Calligraphers and artists tend to use India ink, which is not suitable for fountain pens. You might, however, be called upon to clean a fountain pen that has been used with India ink, and Rapido-Eze is designed just for removing India ink from pens. It’s also good for cleaning the insides of pens that have been used a little carelessly and are unbelievably grubby and for cleaning barrel threads: when you find that Parker Duofold Big Red that is perfect except for the solid black interior of the cap, Rapido-Eze is the friend you need.
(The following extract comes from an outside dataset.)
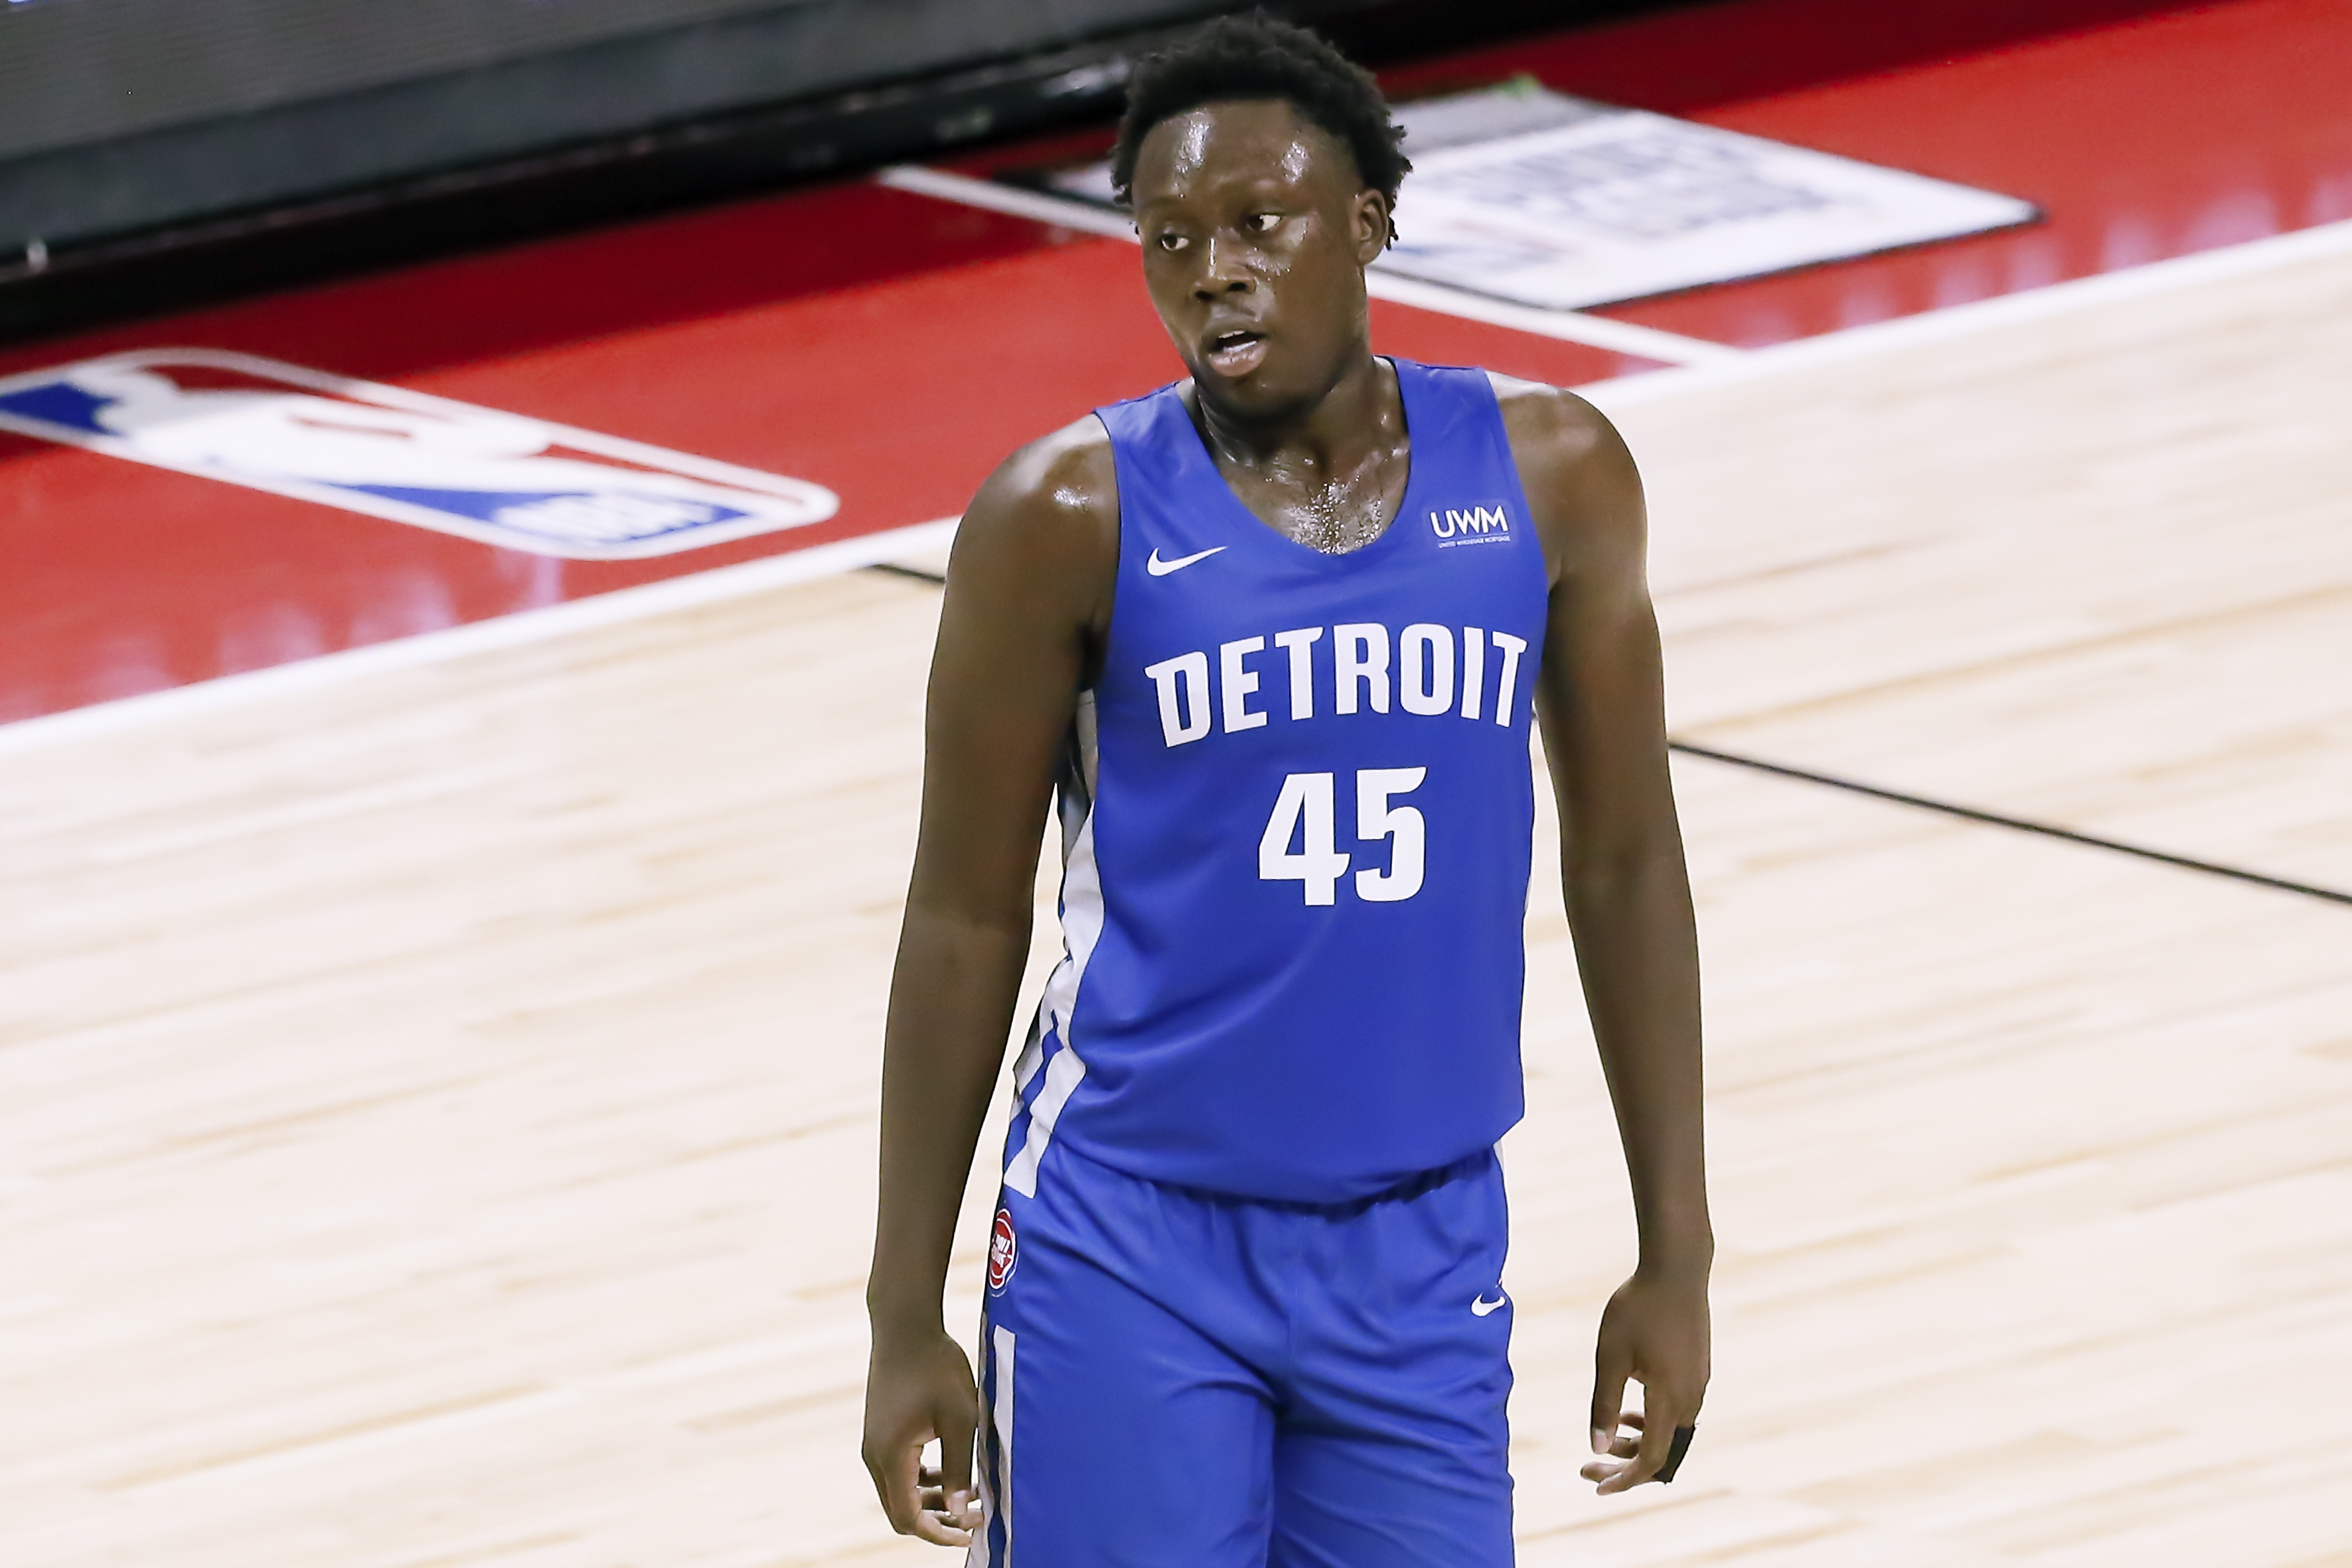 2021 Las Vegas Summer League - Houston Rockets v Detroit Pistons

It comes in a two-ounce tub that is the perfect size for soaking nibs, feeds, and sections, or in larger squeeze bottles that you can use as your reserve, to refill the tub when its contents get sludgy or to fill a soaking jar for cleaning barrels and caps. Don’t just dump the whole contents of that larger bottle into a more convenient glass, tub, or whatever; you really will need a reserve supply of clean Rapido-Eze.
A rawhide mallet is the tool of choice for striking metallic tools such as center punches and commercial pin punches. It’s also essential for de-dinging metal caps, which you might decide to do at some point.
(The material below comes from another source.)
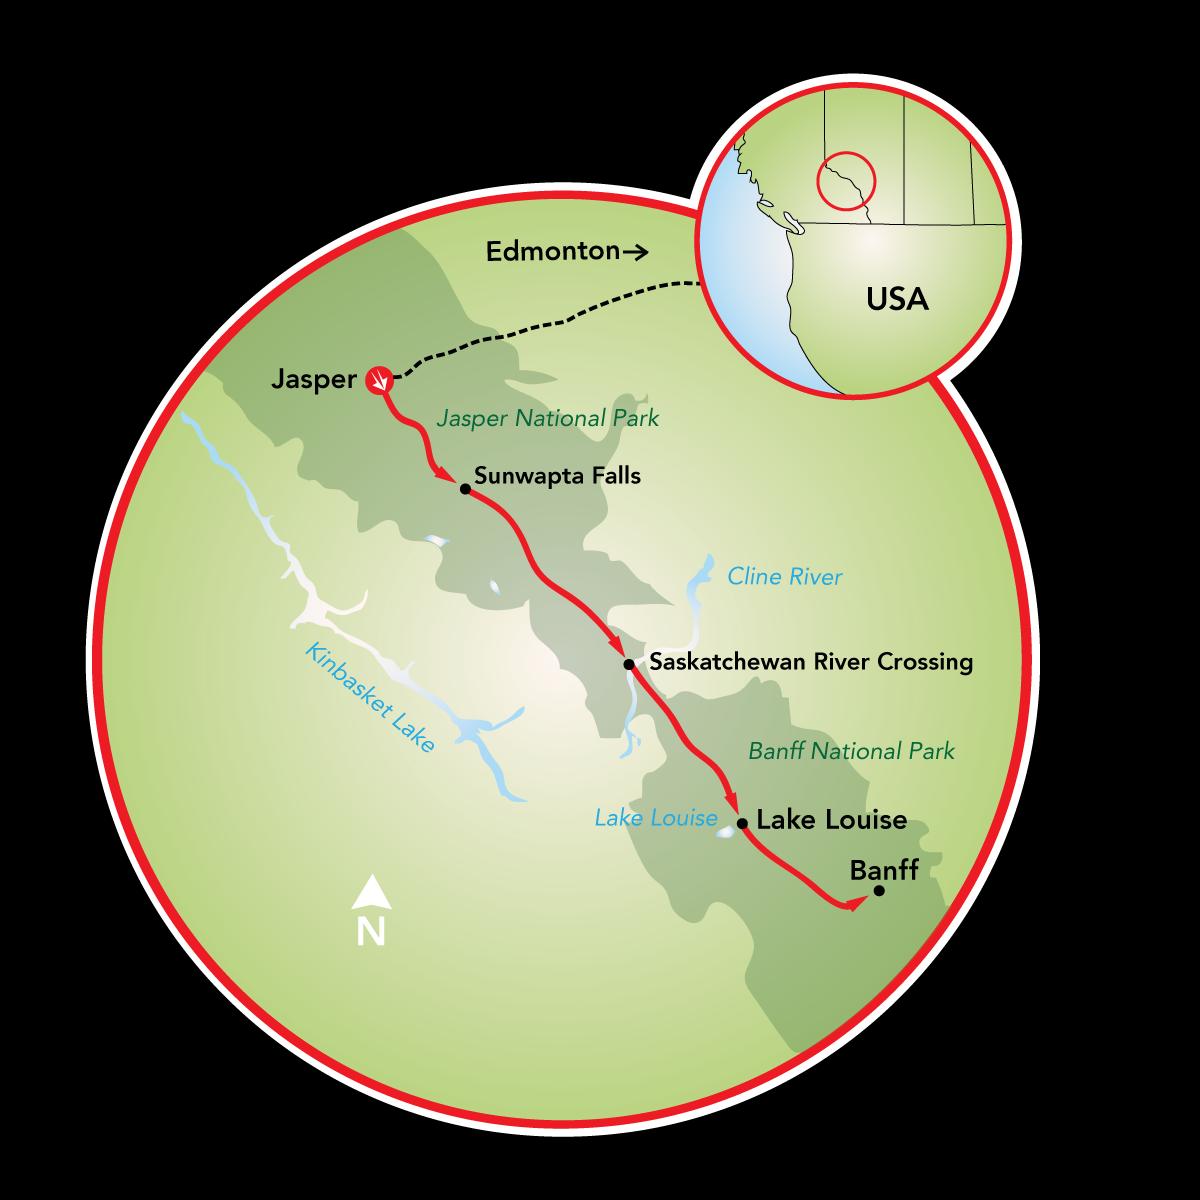 Banff Tour Guide Service

You are not going to be able to learn everything on your own. Take advantage of the reference materials that are available, including books such as Pen Repair, by Jim Marshall and Laurence Oldfield; FOUNTAIN PENS the complete guide to repair and restoration, by Frank Dubiel; manufacturers’ service manuals that can be found online or in reprint form; and websites that are operated by known reliable restorers, such as Indy-Pen-Dance.com, MainStreeetPens.com, PenCollectorsOfAmerica.org, RichardsPens.com (you’re already here), and VintagePens.com.
You should avoid web fora, Facebook chat threads, YouTube videos, and similar sources because these venues are populated by all sorts of people at all different skill levels. Many of the repair instructions on these venues are posted by novice repairers who are enthusiastic (a good thing) but not yet experienced enough (a bad thing), and they will lead you astray. There are of course some good guides, too, but the problem is that without experience of your own, you cannot tell which are the good ones and which are the bad ones.
For installing and removing screw-in cap jewels, especially those in Parker pens and mechanical pencils, you need something inexpensive and easy to handle that has a high-friction surface. The best tool for this task is a white rubber stopper. Black rubber is too hard, and red rubber will harden over time. The No 5.5 stopper is the perfect size to fit in your hand easily. I’ve been using the same two stoppers for nearly 20 years; all I do to keep them fresh is to clean the ends with denatured alcohol from time to time. You can find these stoppers online or at shops for home beer-brewing equipment. Be careful, when you clean a stopper, to let the alcohol dry before touching a Parker jewel; they’re celluloid.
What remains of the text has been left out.